Canadian Senator from Manitoba
- In office 1966–1994
- Appointed by: Lester B. Pearson

Personal details
- Born: Douglas Donald Everett August 12, 1927 Vancouver, British Columbia, Canada
- Died: March 27, 2018 (aged 90) Winnipeg, Manitoba, Canada
- Party: Liberal
- Education: Osgoode Hall Law School (LLB)

= Douglas Everett =

Canadian politician

Douglas Donald Everett (August 12, 1927 – March 27, 2018) was a Canadian politician, lawyer, and automobile dealer. He served in the Senate of Canada from 1966 until 1994.

==Background==
Born in Vancouver, British Columbia, he attended the Royal Canadian Naval College in Royal Roads, British Columbia from 1943 to 1945 and served as a Sub-Lieutenant from 1943 to 1947. After his military service, he received a Bachelor of Laws degree from Osgoode Hall Law School in 1950 and from the University of Manitoba in 1951. He was called to Bar of Ontario in 1950 and the Bar of Manitoba in 1951.

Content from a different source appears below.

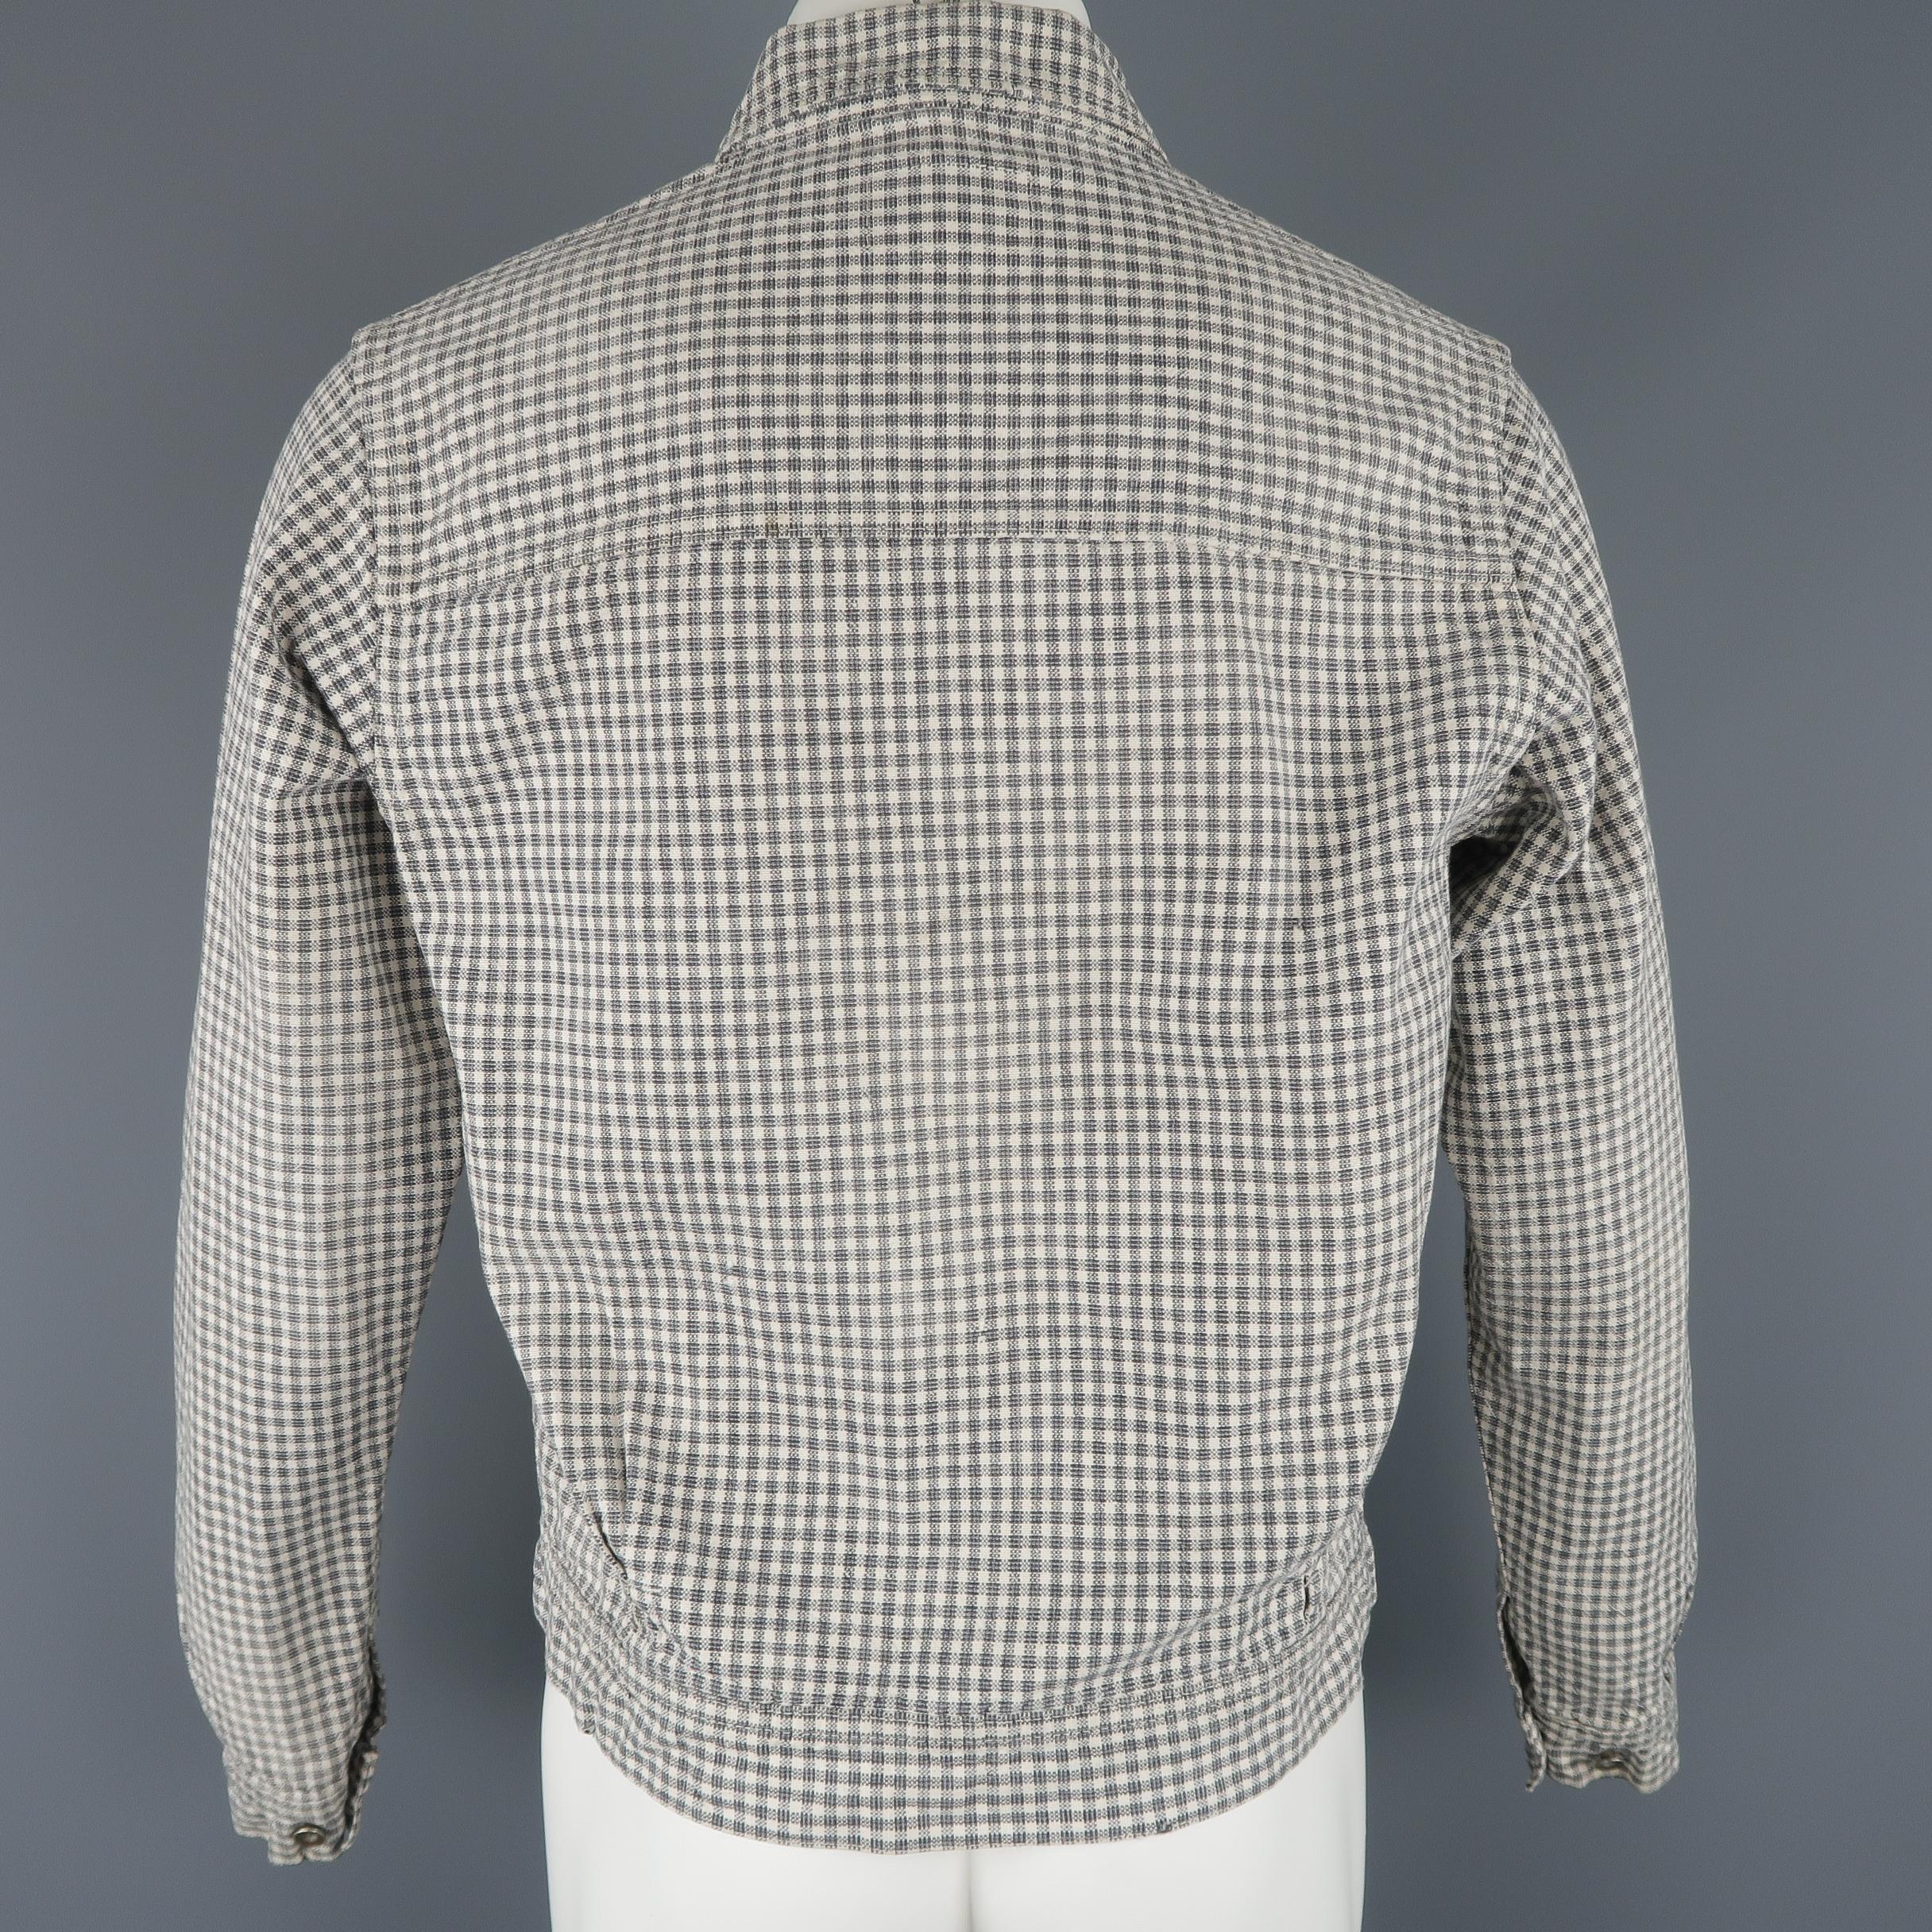 CHIMALA M Grey & White Checkered Distressed Cotton Trucker Jacket Coat 1

In 1966, he was appointed to the Senate representing the senatorial division of Fort Rouge, Manitoba. In 1969, he promoted a bill addressing the production and conservation of oil and gas in Canada's north.

He sat as a Liberal until 1990 when he resigned from the Liberal Party over his support of the introduction of the GST. He then sat as an Independent Liberal. He resigned from the Senate in 1994. Everett died in March 2018 at the age of 90.